UK house prices rose by 1.6% in August, according to Halifax?s most recent price index. But although this figure is consistent with stabilisation in housing prices over the past 3 months, it does not correspond with other housing market reports, which are reporting that prices are falling. The Royal Institute of Chartered Surveyors (RICS) for example has reported twelve months of falling asking and agreed sales prices.

Martin Ellis, Chief Economist for the Halifax says: ?This pick up in monthly house price inflation is consistent with the continuing upward trend in market activity in recent months and the previous pattern of house price movements when the Bank of England begins to reduce interest rates.?

Independent market analysts, however, point out that transaction based house price indices, such as that of the Halifax, need to be interpreted correctly as they only measure the price of property changing hands, and are driven by the most buoyant areas of the market: in this case the top end. Thus Halifax’s latest figures constitute very good news for the country house market, which has remained healthy so far this year.

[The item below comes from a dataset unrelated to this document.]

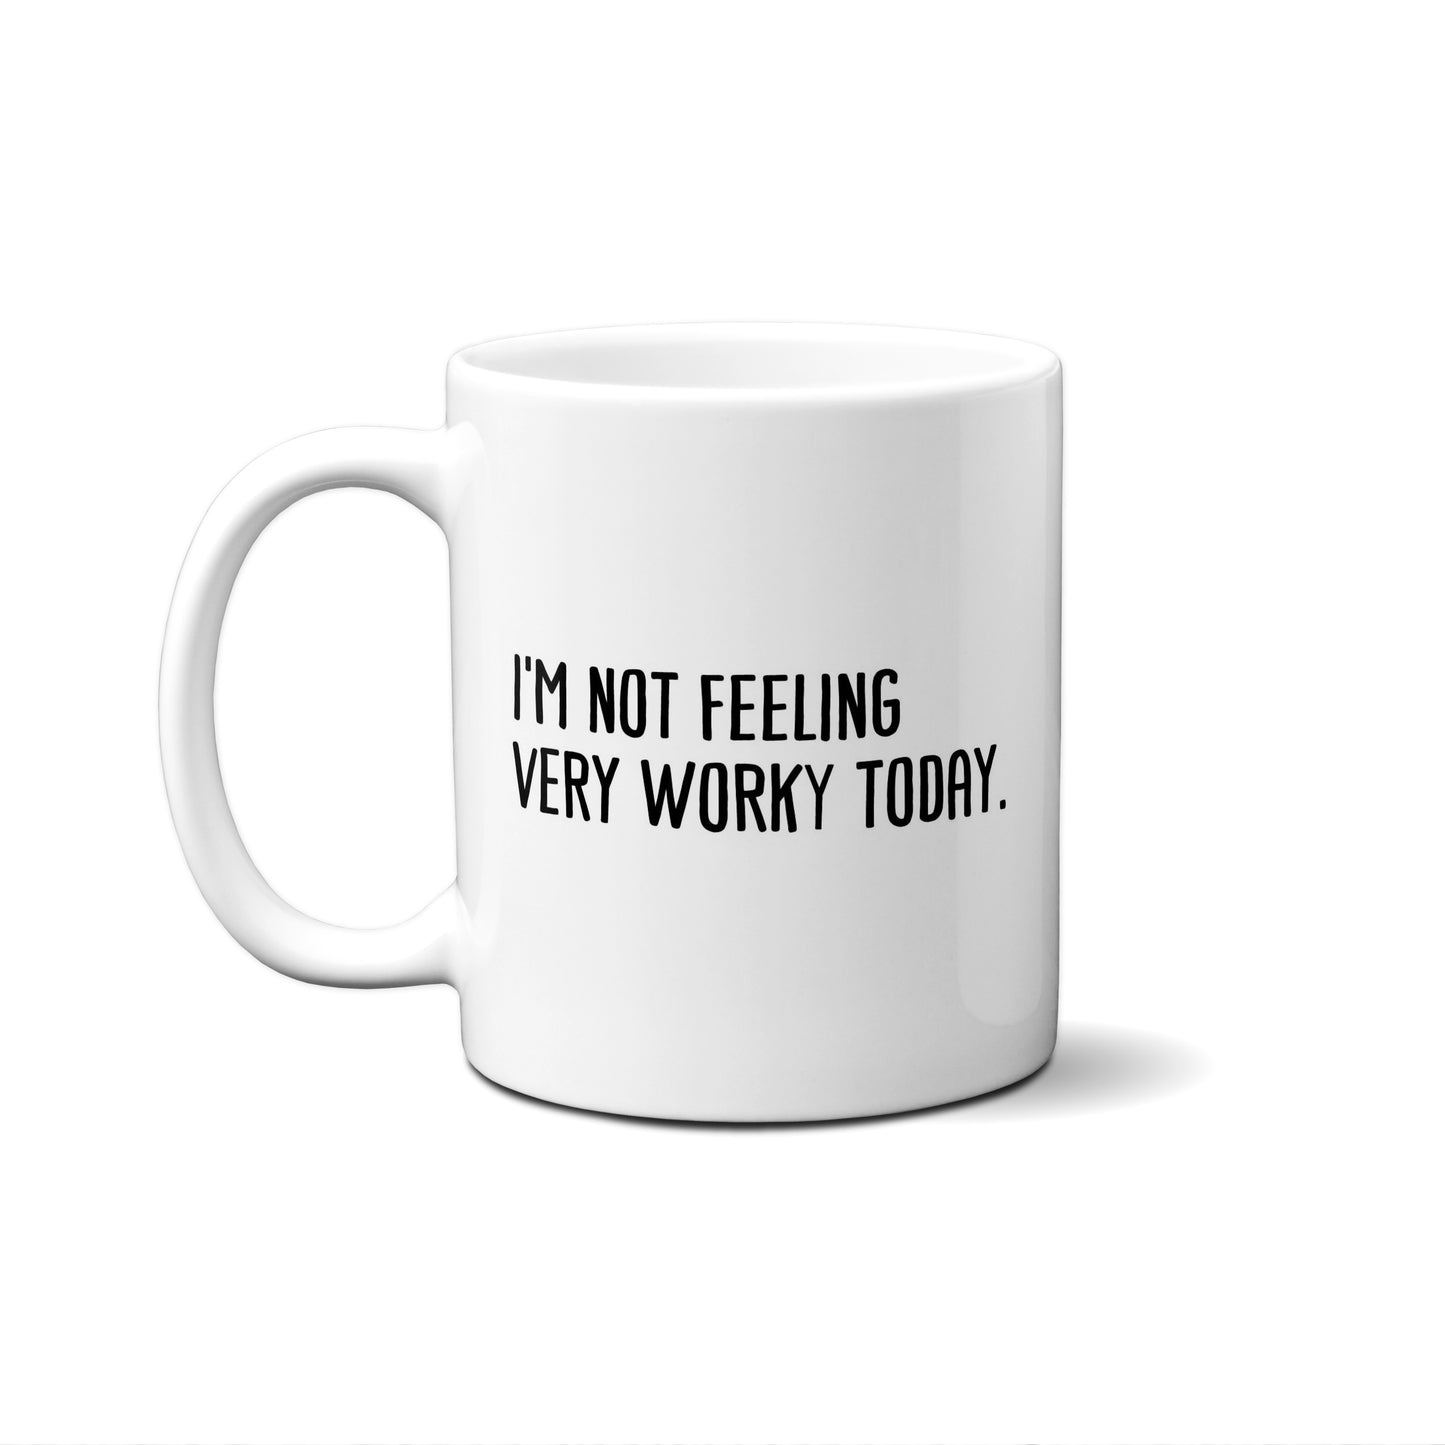 I'm Not Feeling Very Worky Today. Quote Mug
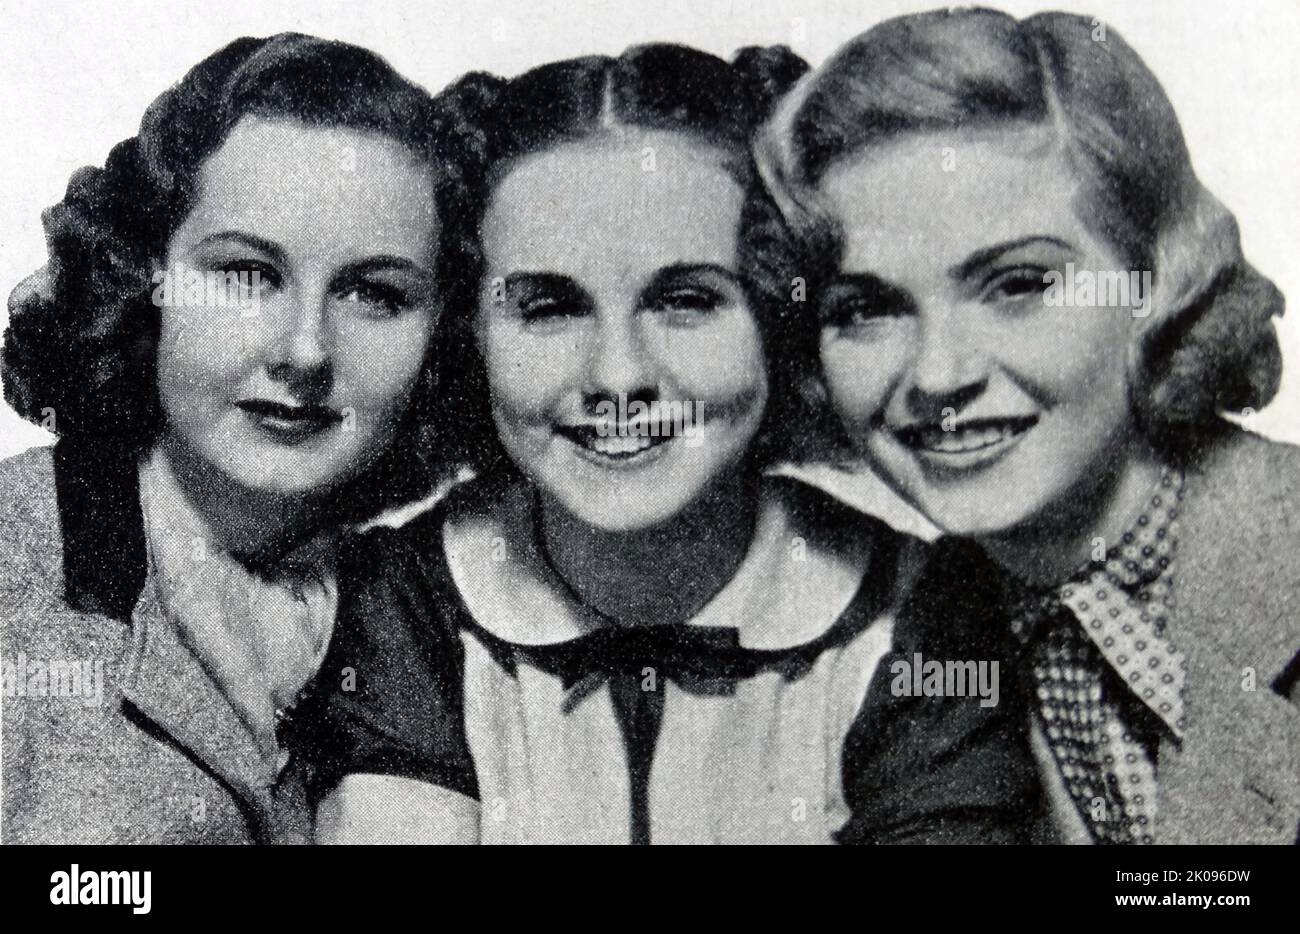 Deanna Durbin, Helen Parrish and Nan Grey in Three Smart Girls, a 1936 American musical comedy film. Edna Mae Durbin (December 4, 1921 - April 17, 2013), known professionally as Deanna Durbin, was a Canadian-born actress and singer who later settled in France. She appeared in musical films in the 1930s and 1940s. Helen Parrish (March 12, 1923 - February 22, 1959) was an American stage and film actress. Nan Grey (born Eschal Loleet Grey Miller, July 25, 1918 - July 25, 1993) was an American film actress. Stock Photo

These surveys support anecdotal evidence suggests that demand for ‘the best’ property remains reasonably strong, despite the generally depressed level of housing market activity.

Even more positive to house sellers is the fact that both transaction and survey based house price indices are showing evidence of rising buyer interest.

Sensible pricing is allowing vendors to take full advantage of the rise in buyer interest noted last month. John Denney, Country House Director of Hampton’s International says: ‘Traditionally August is a quiet and flat month, however this month viewing figures have increased considerably (up 25%), together with a 63% increase in offers and 21% more sales agreed – including a lot of our older stock, as sellers became more aware of the market conditions’.